Search code examples
javahtmldeepl

How to avoid translating df [TEXT] in the html text by Deepl?


I have a lot of data frame such as [COMPANY]in my html text file which I want exclude while Deepl translating my text. I use Deepl Java lib with api and not allowed to change the data frame format.

Any Idea how to exclude df[TEXT] from translation?

Example text:

Dear client,

Please find enclosed [EVENT] for the order you wish to execute for your account [ACCOUNT_NAME_TEXT].


Kind regards,

[COMPANY_NAME]

html file

<!DOCTYPE html>
<html>
    <head>
    </head>
    <body>
        <p>Dear client,</p>
        <p>Please find enclosed the Events for the order you wish to execute for your account [ACCOUNT_NAME_TEXT].</p>
        <p>&#160;</p>
        <p>Kind regards,</p>
        <p>[COMPANY_NAME]</p>
    </body>
</html>

Solution

  • For now, I solved it by parsing my df[TEXT] to ignore tag before translating and setting it back to the original. see the below method, it may help someone with the same request.

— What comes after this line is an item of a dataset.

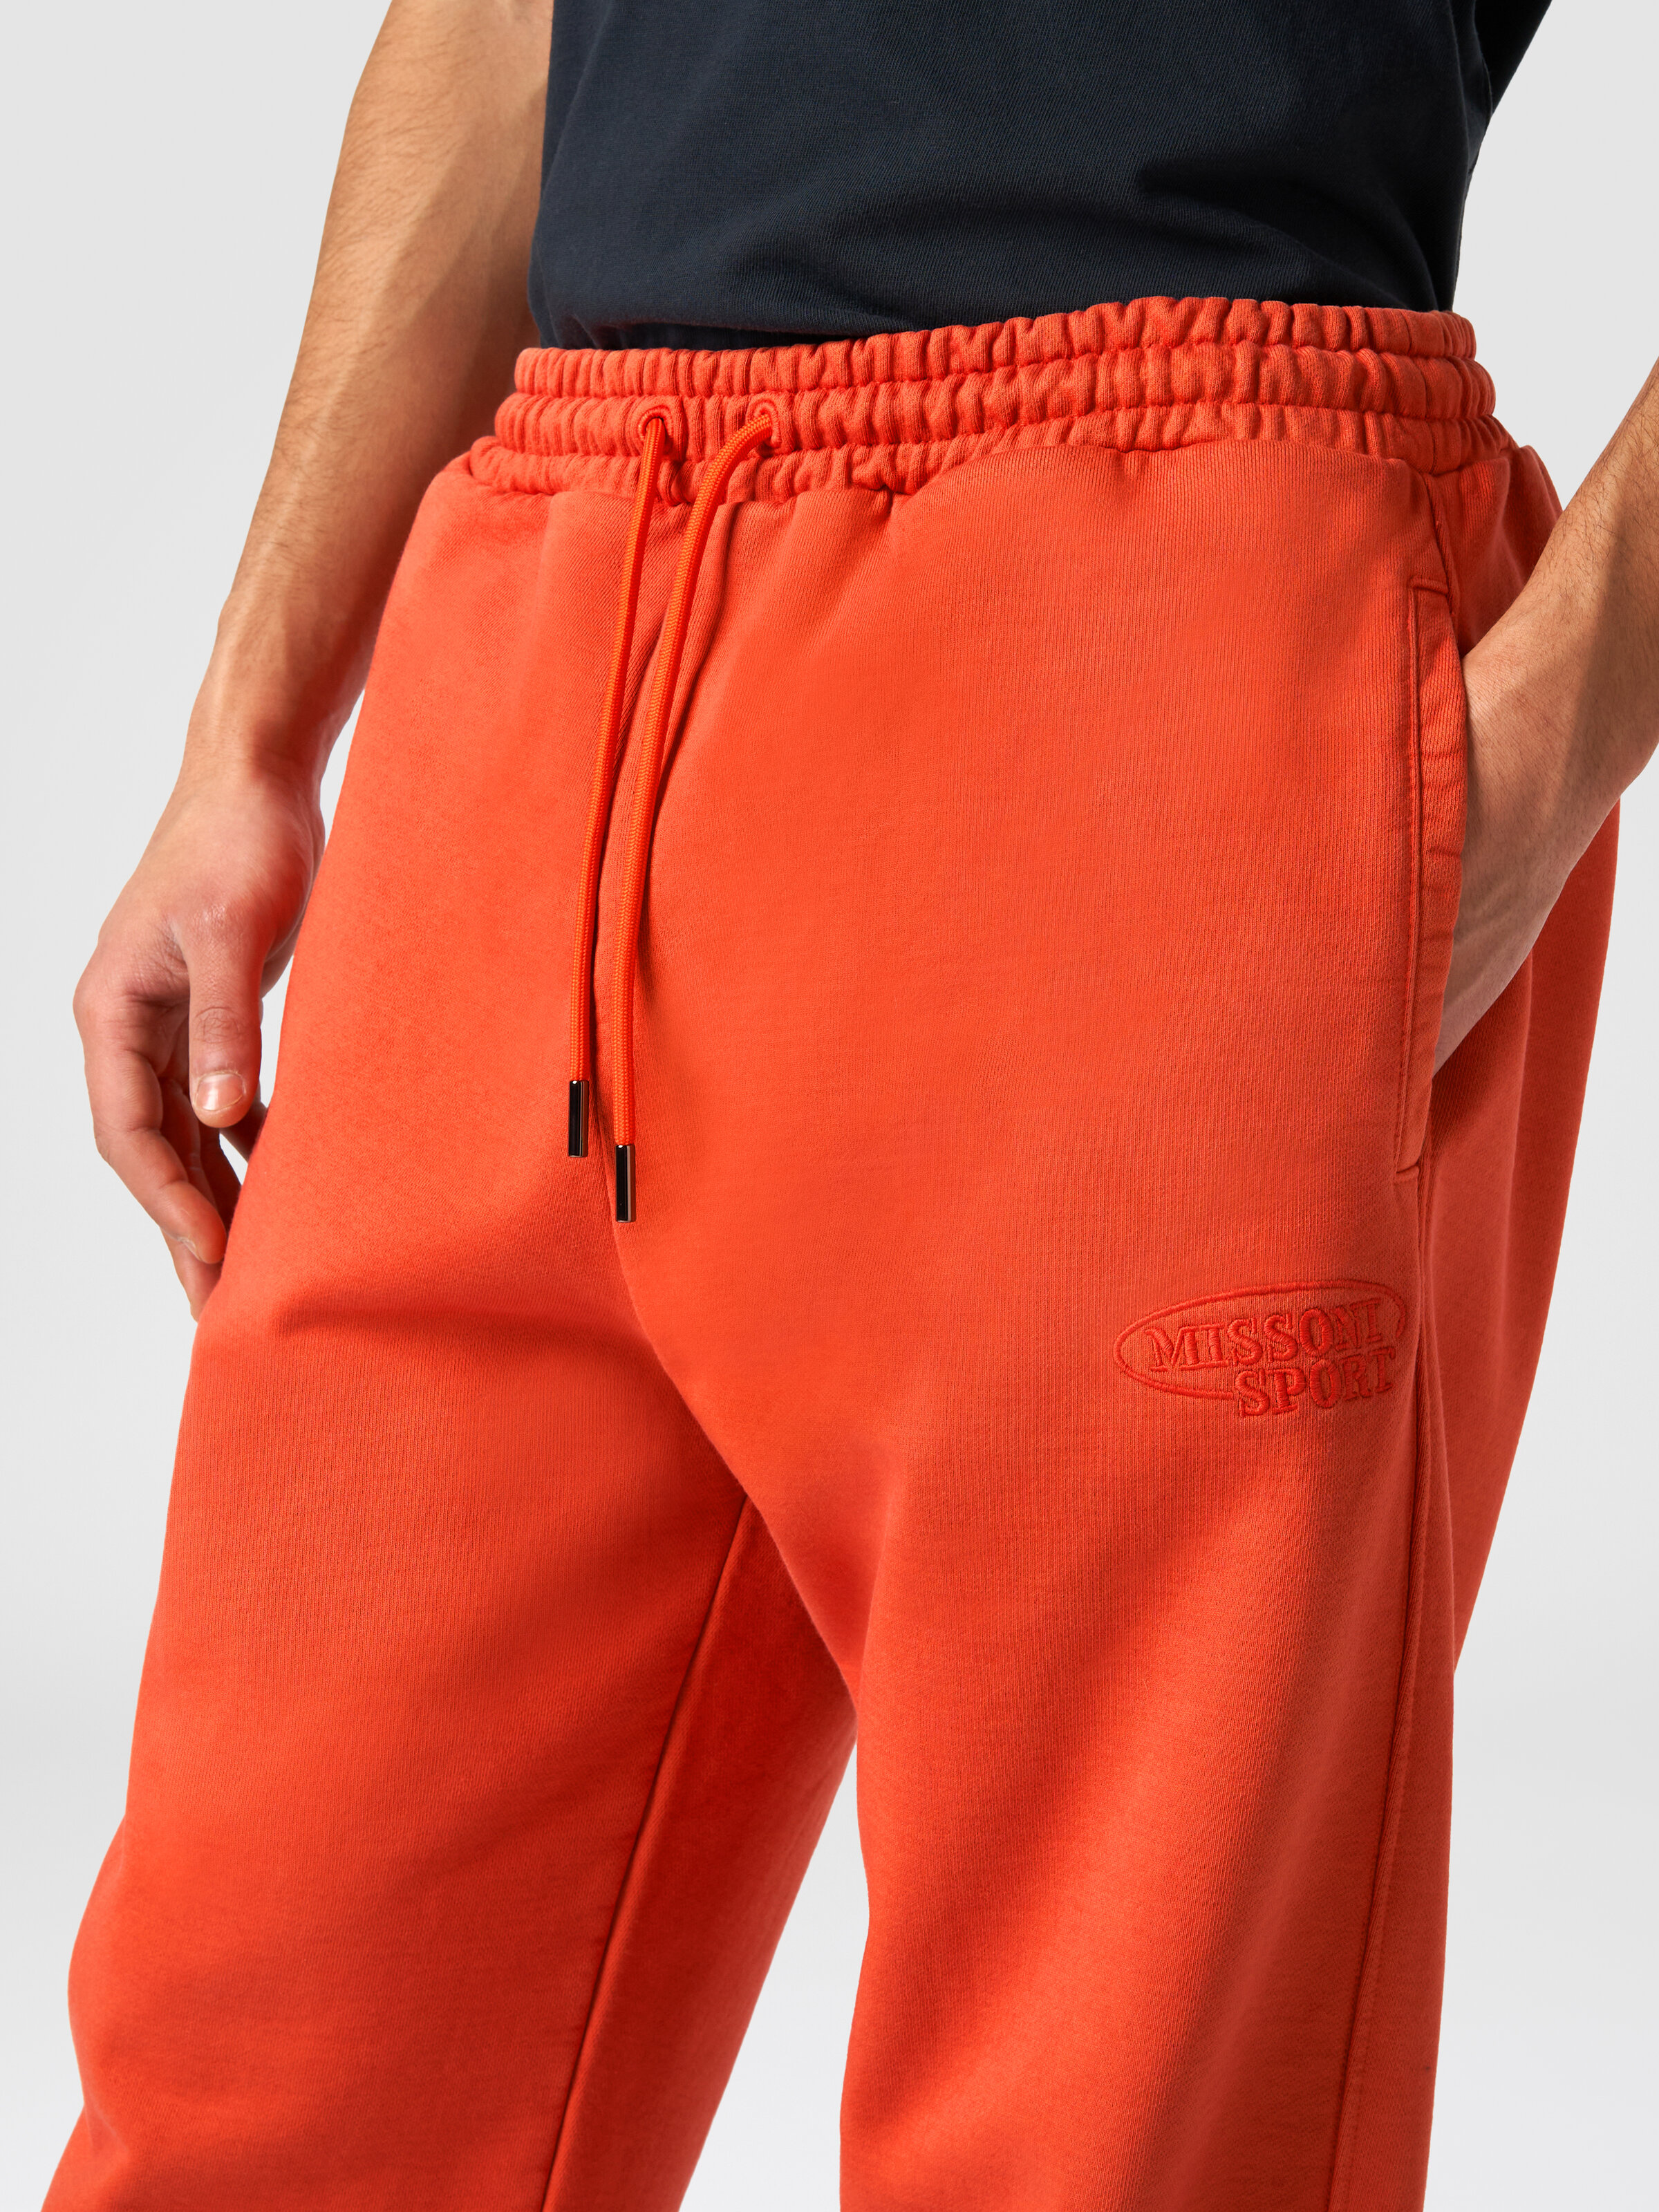 Hose aus Baumwollsweat mit Logo, Orange - 4

      private static final String BEGIN_IGNORE_TAG = "<loveIgnoreTag>";
      private static final String END_IGNORE_TAG = "</loveIgnoreTag>";
    
      public String translate( String source , String target, String text )
                    throws DeepLException, InterruptedException
            {
                //https://www.deepl.com/docs-api/xml/ignored-tags/
                ArrayList<String> ignoreTags = new ArrayList<>( ) ;
                ignoreTags.add( "loveIgnoreTag" );
                
                text = parseToIgnoreTage(text);
                
                TextTranslationOptions translationOptions = new TextTranslationOptions( )
                        .setTagHandling( "xml" )
                        .setFormality( Formality.PreferMore )
                        .setPreserveFormatting( true )
                        .setIgnoreTags( () -> ignoreTags.iterator( )  )
                        .setSentenceSplittingMode( SentenceSplittingMode.All );
        
                TextResult result = translator.translateText( text, source, target, translationOptions );
                String translationResult = parseToDataFrame(result.getText( ));     
                return translationResult;
            }
        
            private String parseToIgnoreTage( String text )
            {
                text = text.replace( "[", BEGIN_IGNORE_TAG ).replace( "]", END_IGNORE_TAG );
                return text;
            }
        
            private String parseToDataFrame( String result )
            {
                result = result.replace(BEGIN_IGNORE_TAG,"[" ).replace(  END_IGNORE_TAG, "]" );
                return result;
            }